Metohija - the significance

Chris Burford cburford at gn.apc.org
Mon Apr 12 16:06:00 PDT 1999


At 22:11 02/04/99 -0500, John Mage wrote:

<snip>


>In the western half, the Drim does not form a relatively narrow fertile
>valley ("polje") but drains a wider relatively flat plateau from Pec south
>to Prizren.
>*This is Metohija*. In this plateau there is a railway junction at a sort
>of T, with the short line being that between Pec and Pristina and the long
>line ending at Prizren in the south. The small town at the junction is also
>called Metohija.
>
>The River Drim historically has been no gateway from anyplace to anyplace,
>and Metohija is sleepier than the Kosovo Polje & Pristina. When (a kid with
>hair to my shoulders) I was hiking in the hills around Metohija in the
>early seventies it was easy to imagine it was still the times before
>everything solid began to melt into air. Lots of Albanian men wearing the
>fez. Almost no cars. Plowing with horses or oxen. It was June and little
>kids would come running to *give* you a metal bowl - which of course you
>had to return - of strawberries (it happened three, four times).
>
>That NATO is bombing there disgusts and angers me.

Generally this post was puzzling since the Albanian children who gave long haired John Mage free strawberries 25 years ago are alleged to be the victim of NATO bombs now, although it is more likely that their homes have been bombed by Serb nationalists.

The very detailed geographical account did not explain the political significance of the name Metohija. It is clear that all formal spokespersons for the Serbs or Yugoslav governments carefully use the longer term Kosovo and Metohija. Nor is there any explanation on the Yugoslav website.

The following explanation from Kosovo: A Short History by Noel Malcolm 1998

Macmillan and Papermac, is more informative.

"Running from north to south through the middle of Kosovo is a lesser range of hills which divides the whole territory into roughly equal halves: streams running off the eastern side of these hills will flow into the Ibar and the Danube, while the western side sends its waters to the White Drin and the Adriatic. The two halves of Kosovo have their own traditional names, which for various reasons, political and geographical, have been sources of both friction and confusion.

The western half of Kosovo is known to Serbs as the Metohija. This is derived from metochia, a Byzantine Greek word for monastic estates, and reflects the fact that many Orthodox monasteries were granted rich endowments here (farmland, orchards and famously fine vineyeards) by medieval Serb rulers.

Kosovo Albanians, on the other hand, resent the use of this name, since it seems to imply that the identity of the territory itself is bound up with Serbian Orthodox land ownership. Their own name for this part of Kosovo is Rrafsh i Dukagjinit, the 'Dukagjin plateau' - Dukagjin being a medieval Albanians ruling family which also gave its name to a broad swathe of territory in northern Albania.

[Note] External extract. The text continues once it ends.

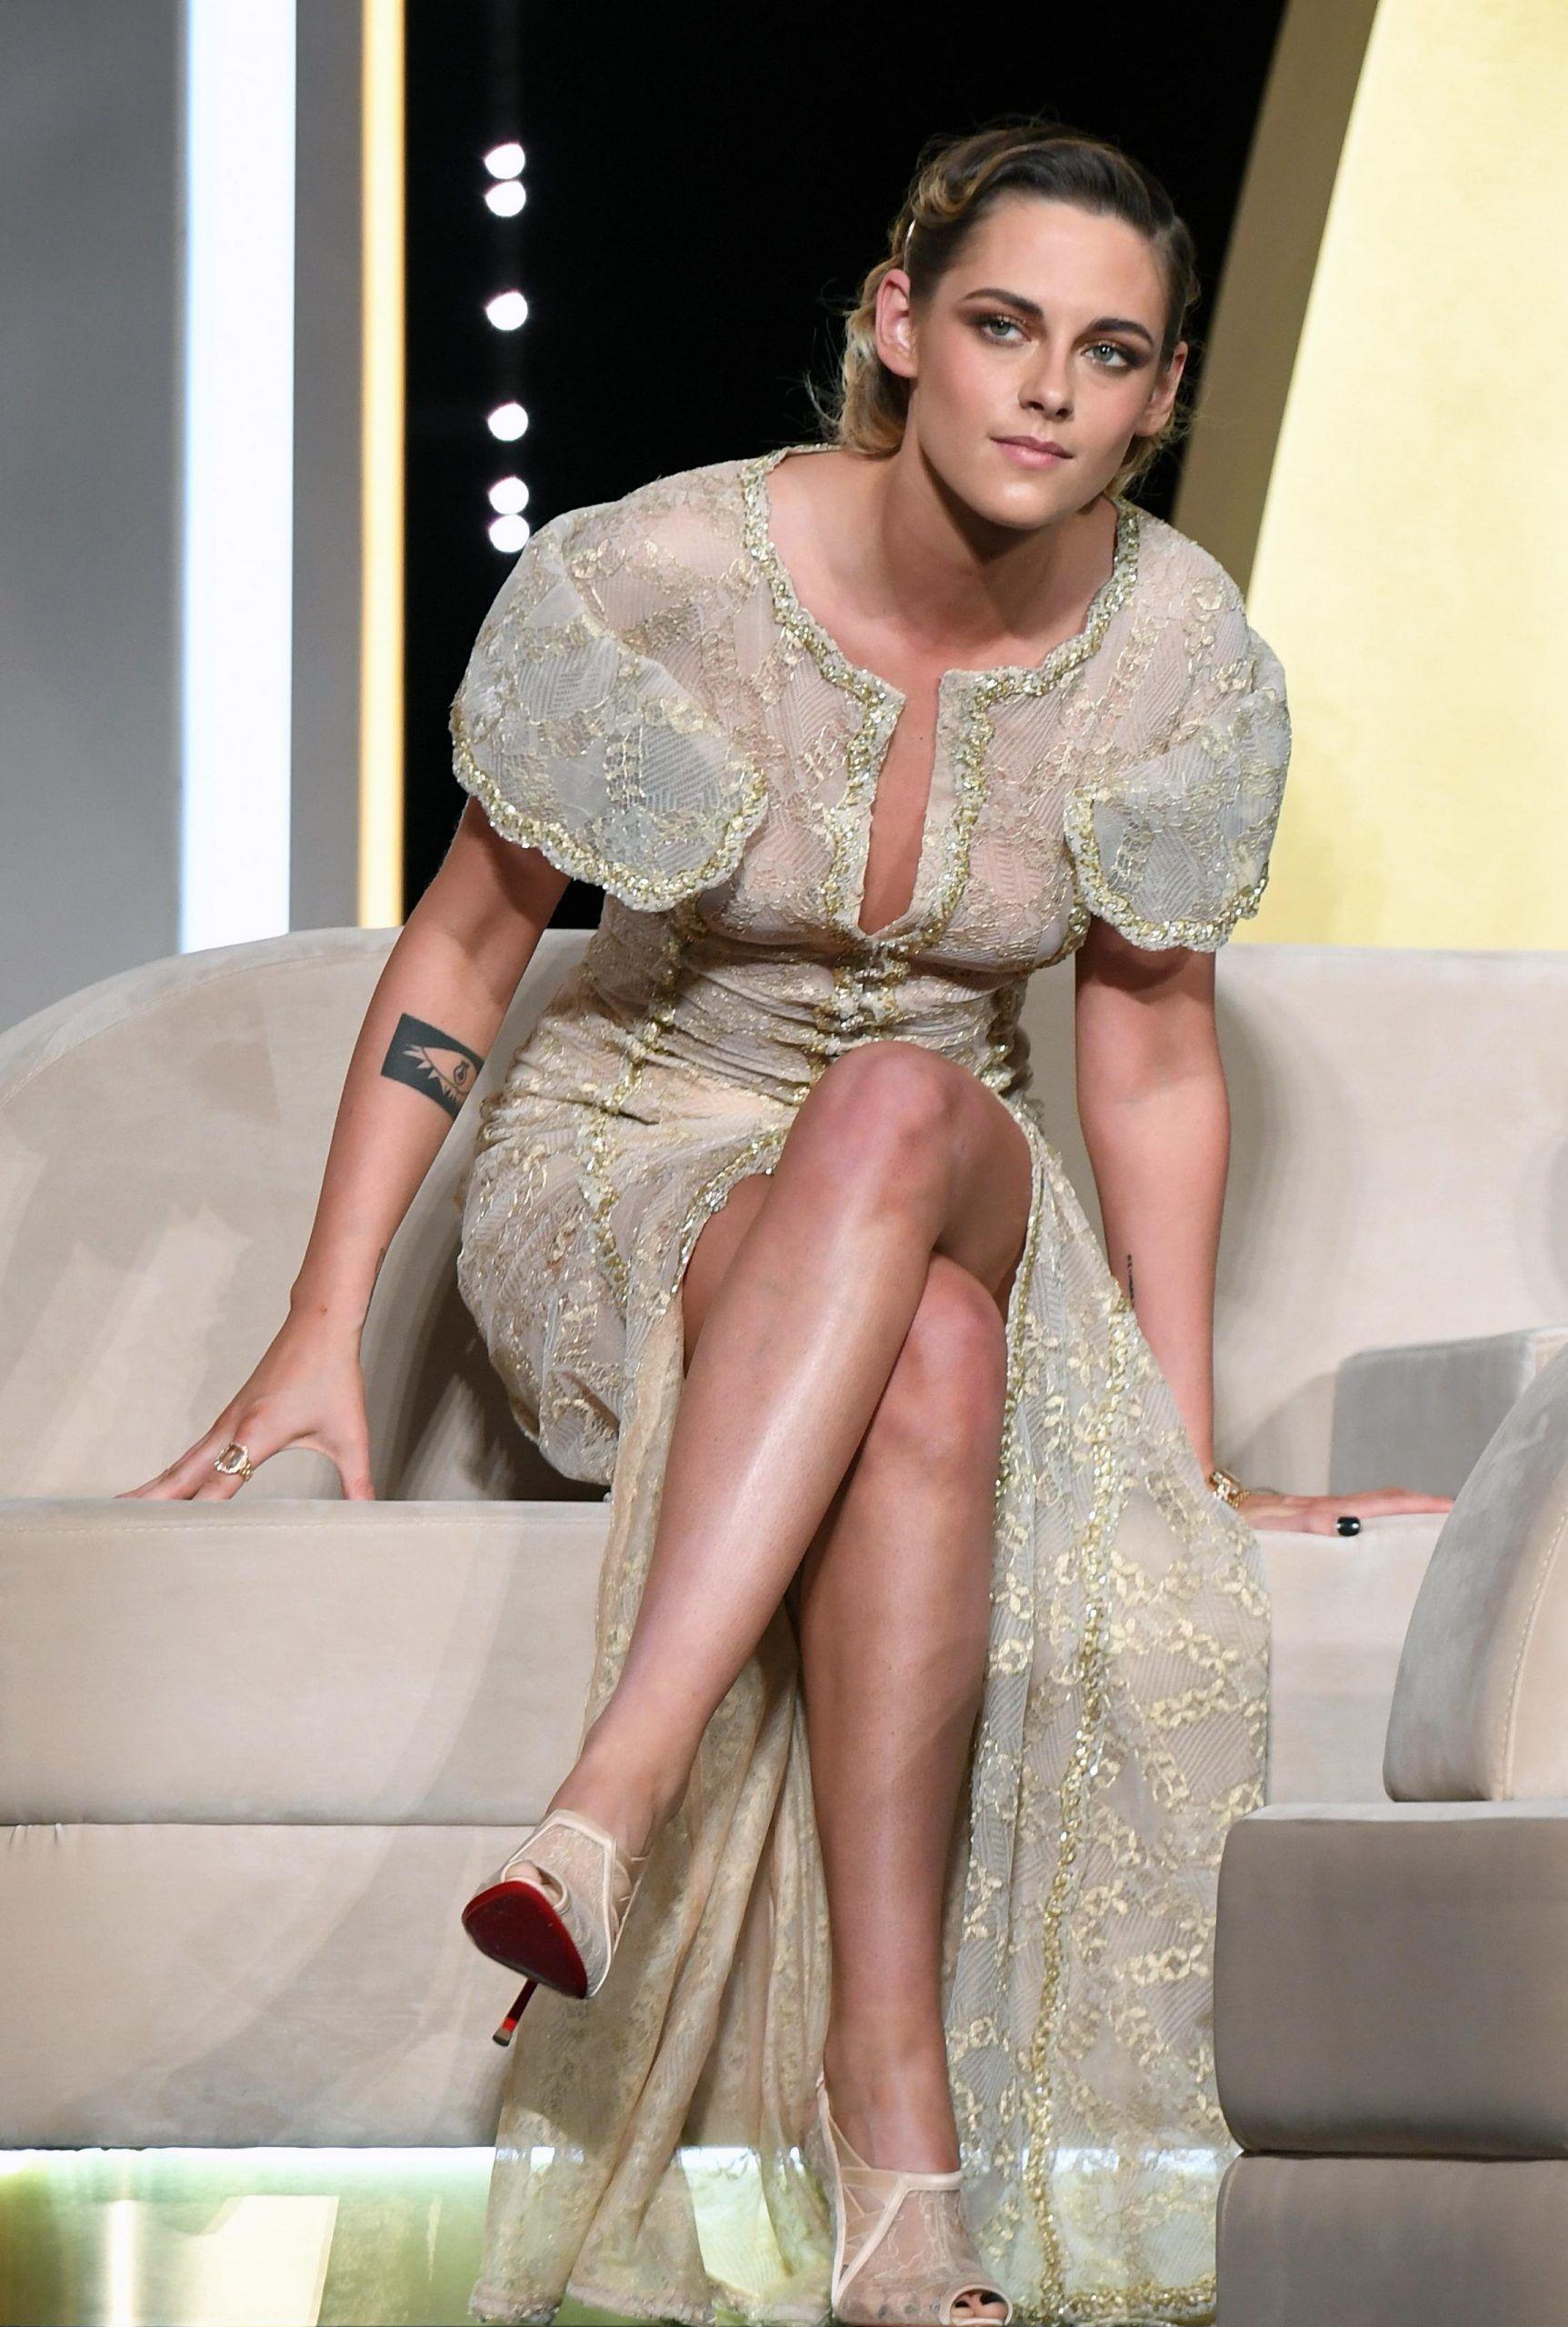 0303051210632 251 Kristen Stewart Nude Feet Porn Leaked Hot

Where Kosovo's eastern half is concerned, confusion arises because this sub-division of Kosovo is itself known simply as 'Kosovo'. (Historically, the confusion happened the other way around: it is this area which gave its name to the entire territory, rather in the way that Holland, one of the component territories of the Netherlands, has become a commonly used name for the whole country too.) Thus the offical name for the administrative unit of Kosovo during most of the Titoist period was 'Kosovo and Metohija', sometimes compressed into a made-up single word, 'Kosmet'.

Quite how and why Kosovo became the name of this component territory is a little unclear; it was never used as a territorial name under the medieval Serbian kings, and first appears in accounts of the great battle of 1389, which took place on Kosovo Polje, the 'Kosovo field (or plain)'. 'Kos' means 'blackbird' in Serbian (the -ovo is an adjectival ending): hence the Germans know the battle-site as the 'Amselfeld', and Latin chronicles call it 'campus merulae'. (Kosovo is not an uncommon place-name in the Balkans: there are various villages or districts called Kosovo, unconnected with this one, in Dalmatia, Bosnia, and Albania.)"

----

Despite the book's lack of sympathy with the Serb nationalist position, it does not itself use the term that the Albanians prefer, Kosova. The author is also author of "Bosnia, A Short History", and the Correspondence of Thomas Hobbes.

Out of the reviews on the back cover the following from Michael Foot in the Observer is particularly interesting:

"A book to stop a massacre! ... It is as if some new Edward Gibbon had appeared to instruct us in these matters and to restore a sense of human decency amid the crimes and horrors of our century. Noel Malcolm's book is short enough to be read by Foreign Secretaries but explicit enough to stop a repetion of the surrender to force which still leaves its evil consequences in his beloved Bosnia."